1-Year structural target targets, chart projections, and sentiment maps.

Average 1Y Target
$75.00
▲ +27.70% Upside
Low Target
$69.00
17% Risk
Median Target
$75.50
29% Mid
High Target
$80.00
36% Max

Consensus Trend Projection

Trailing closures vs. 12-month metrics map.

Analyst Vote Distribution

Aggregate institutional coverage sentiment weights.

Sentiment volume allocation data unavailable.

Historical valuation matrix unavailable.

📘 Full Research Report

ℹ️

AI-Generated Research: This report is for informational purposes only.

📘 TYSON FOODS INC CLASS A (TSN) — Investment Overview

🧩 Business Model Overview

Tyson Foods is a vertically integrated protein processor across poultry, beef, and pork, converting live animal inputs into branded and unbranded food products sold to retail, foodservice, and industrial customers. The model centers on managing three tightly linked stages: (1) upstream sourcing and production planning (including contracted and company-managed supply where applicable), (2) large-scale processing and further value-added manufacturing, and (3) downstream distribution through customer-specific formats, packaging, and logistics.

Because Tyson’s outputs must meet consistent specifications at high volumes and in regulated food-safety conditions, customers rely on established operational capability and execution—creating practical stickiness even when Tyson competes primarily on delivered cost and quality rather than pure brand.

💰 Revenue Streams & Monetisation Model

Revenue is largely transactional and driven by unit volumes and commodity-linked pricing, with monetisation occurring through (1) raw ingredient-to-processed conversion spreads, (2) mix shift toward higher-value prepared products, and (3) contract structures that can partially offset input and customer pricing dynamics.

  • Foodservice and retail products: More processing steps and tighter customer specifications can support steadier product-level economics versus commodity cuts.
  • Branded and value-added offerings: Tend to improve the ability to capture margin from product differentiation (format, portioning, seasoning, and shelf-life), though the underlying categories remain exposed to broad demand and input-cost cycles.
  • Commodity protein processing: Represents the economic baseline; margins are highly sensitive to feed costs, live-animal supply, plant utilization, and industry capacity discipline.

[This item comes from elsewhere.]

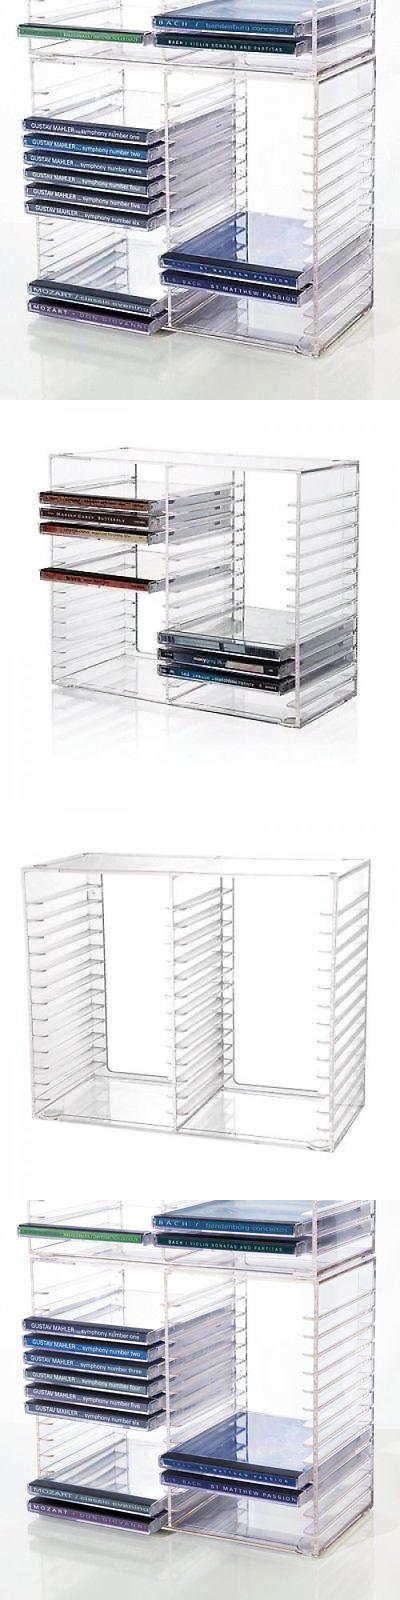 Storage Rack CD 30 Jewel Case Holder Stand Organizer Crystal Clear Shelf Decor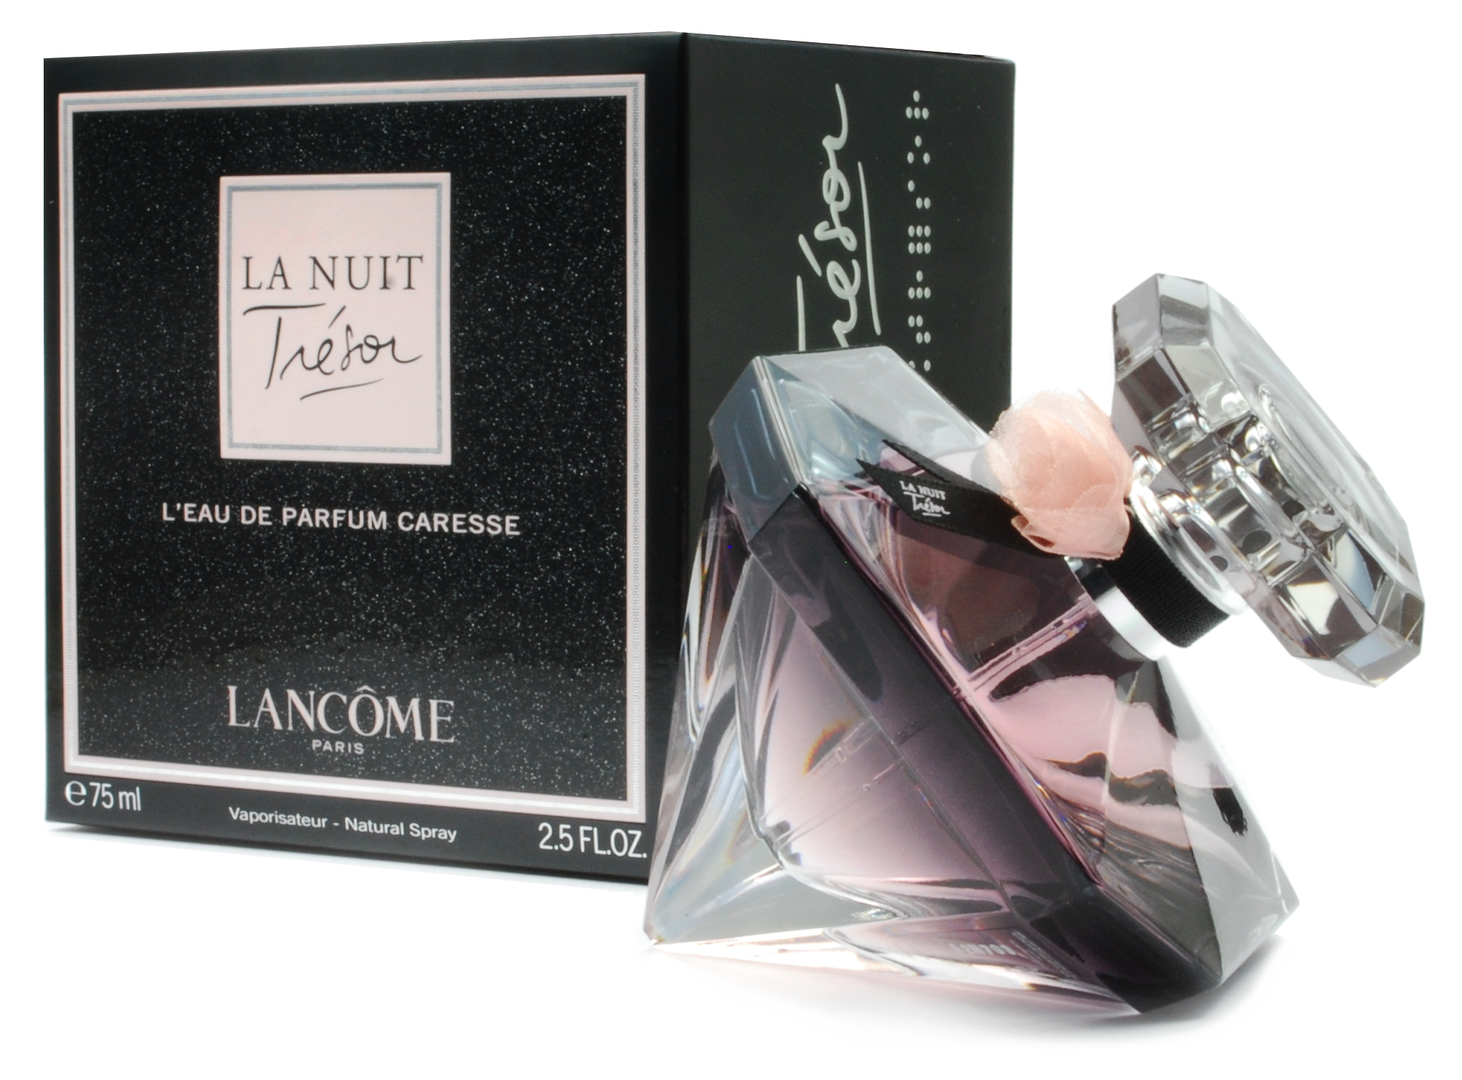 Lancome Tresor La Nuit L´Eau De Parfum Caresse, Parfémovaná voda, 75ml, Dámska vôňa, + AKCE: dárek zdarma

🧠 Competitive Advantages & Market Positioning

Tyson’s main moat is a combination of cost scale, processing and operational complexity, and logistics + execution that together raise the difficulty of sustaining share against well-capitalized rivals.

  • Cost and scale advantages (Cost Advantage + Switching Practicality): Large plants, procurement leverage, and manufacturing know-how enable efficient processing and better throughput management. While customers can switch suppliers, operational lead times, qualification requirements, and spec adherence create meaningful friction.
  • Vertical integration and supply planning (Operational Moat): Coordinated sourcing and production scheduling can reduce exposure to spot shortages and improve plant utilization—critical in a sector where margins move with capacity and timing.
  • Food-safety and regulatory execution (Intangible/Regulatory Barrier): Compliance systems, sanitation standards, and audit readiness are prerequisites to compete at scale, and the cost of maintaining these capabilities is non-trivial.

Competitive benchmarking:

  • JBS and Cargill: Large, global protein processors with integrated operations and substantial bargaining power across supply and distribution. Their competitive focus spans scale and global sourcing/execution.
  • Perdue Farms (and other poultry-focused peers such as Pilgrim’s): Often emphasize specific production programs and vertical relationships. Their industry focus can be more poultry-centric, whereas Tyson’s mix spans poultry, beef, and pork.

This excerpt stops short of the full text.